* _Task brief_: From the line containing "Share Khóa Học Figma Telos" to the line containing "Flexible Thin Single" in the records below, set down every line exactly as it stands, both ends included, and skip the pictures.

* _Supplied data_:
━━━━━━━━

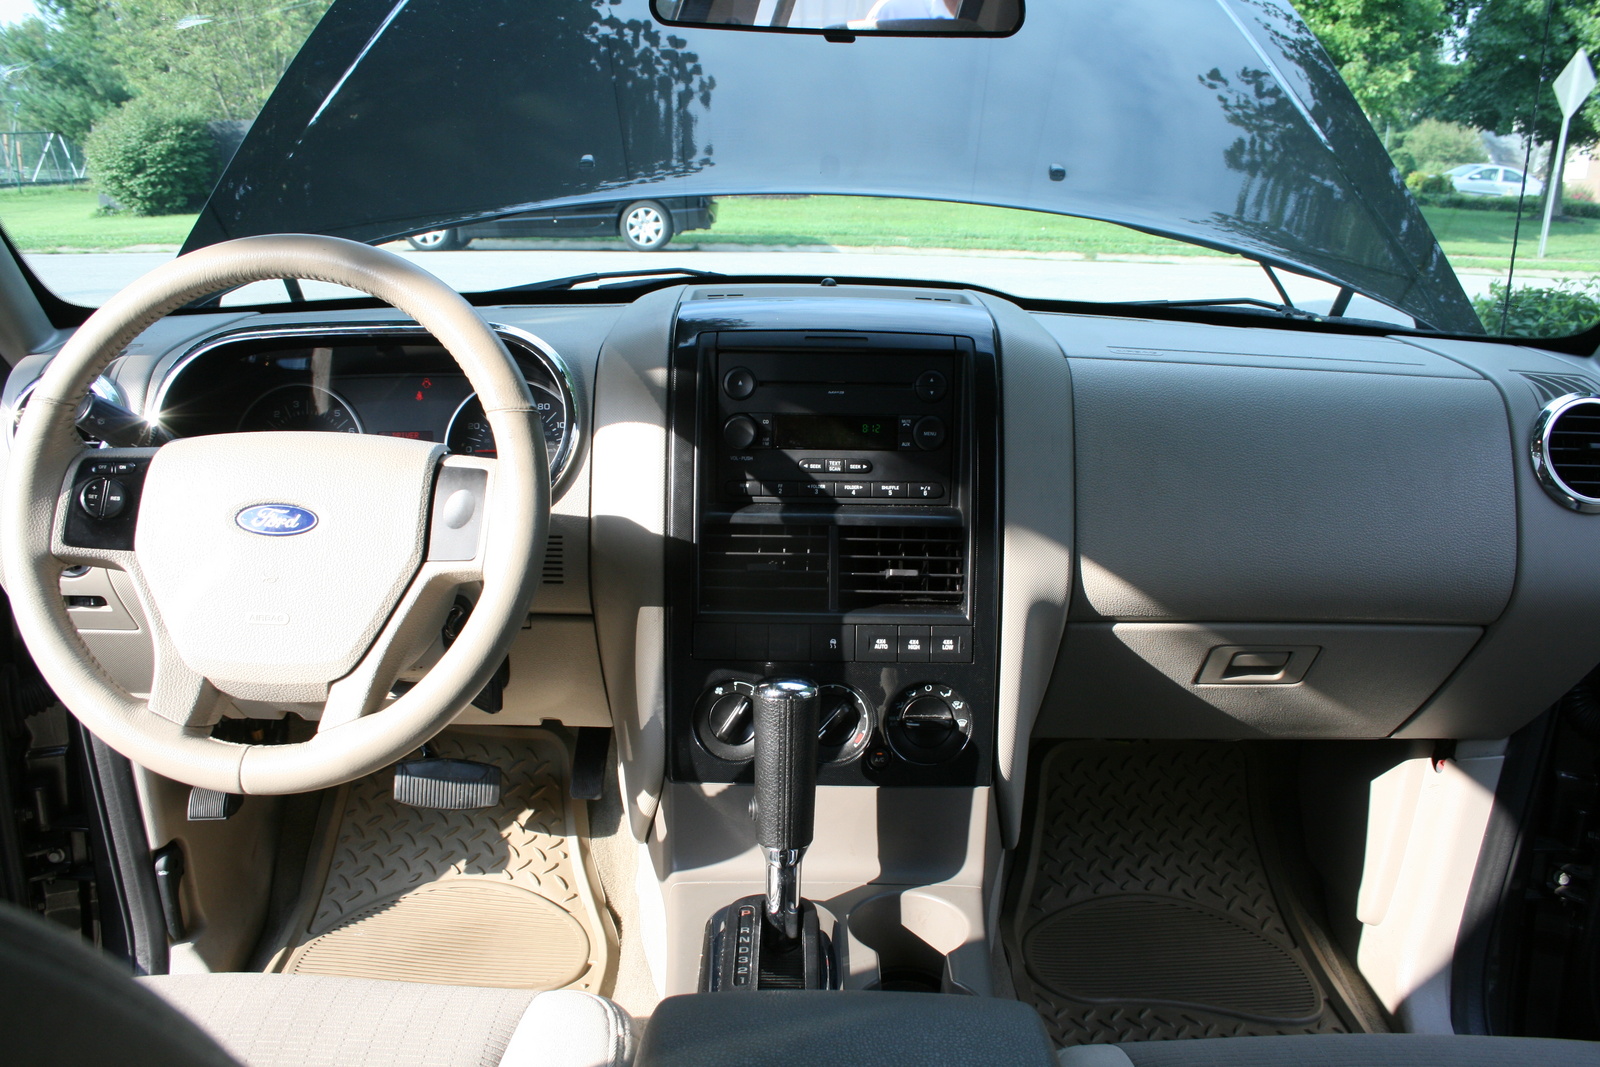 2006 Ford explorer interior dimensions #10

━━━━━━━━

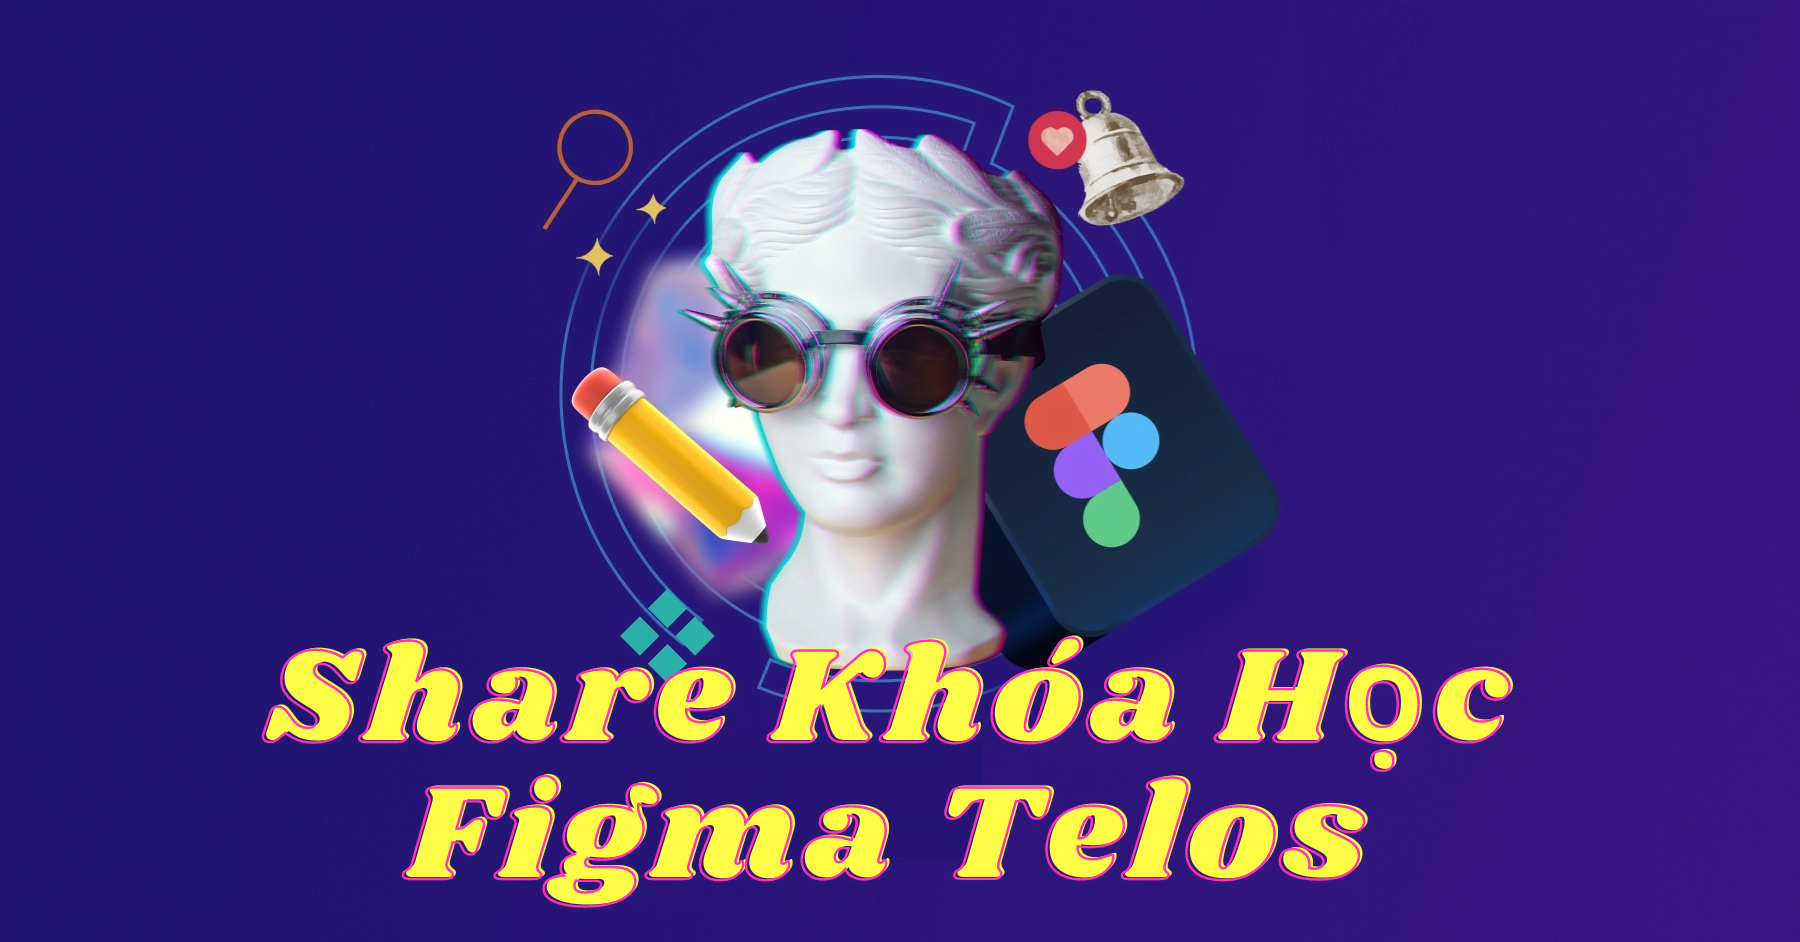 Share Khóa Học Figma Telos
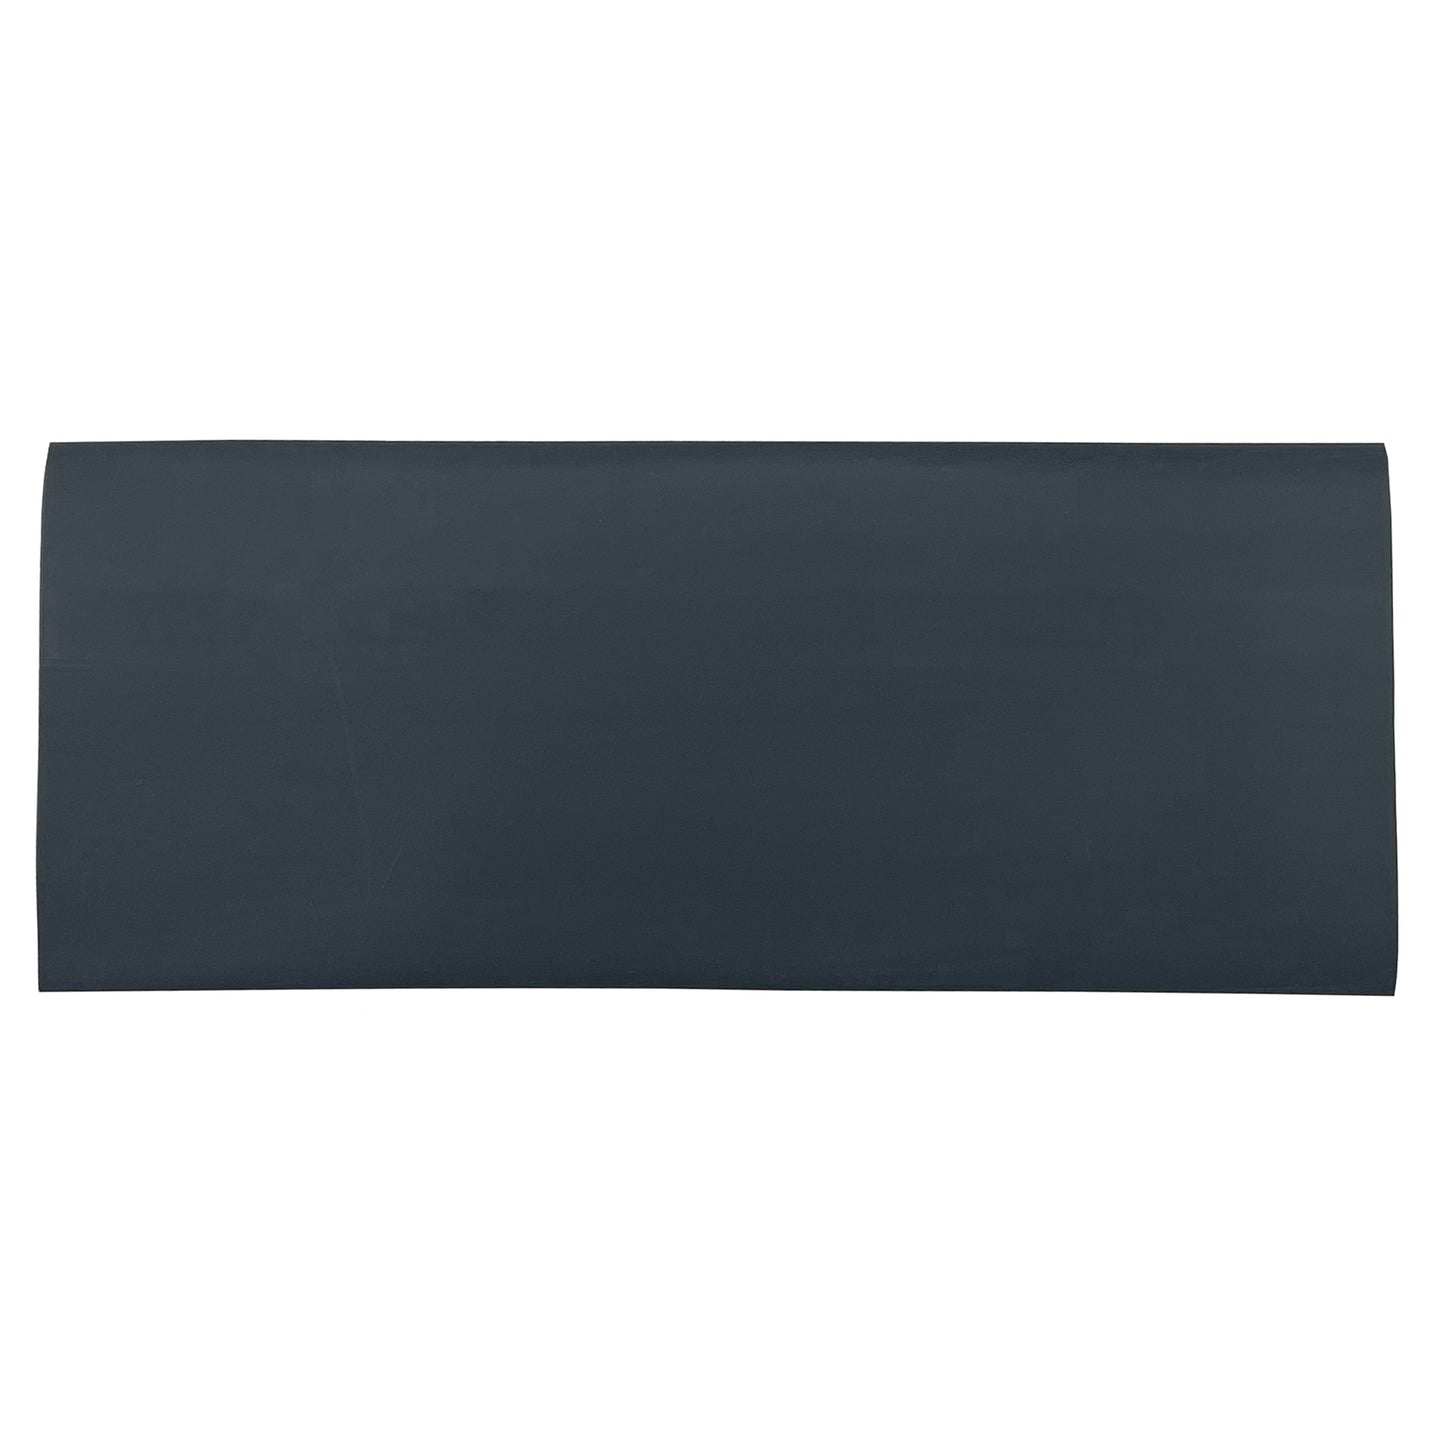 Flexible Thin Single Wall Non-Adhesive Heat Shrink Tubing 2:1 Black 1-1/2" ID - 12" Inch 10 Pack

━━━━━━━━

* _Exercise result_:
 Share Khóa Học Figma Telos
 Flexible Thin Single Wall Non-Adhesive Heat Shrink Tubing 2:1 Black 1-1/2" ID - 12" Inch 10 Pack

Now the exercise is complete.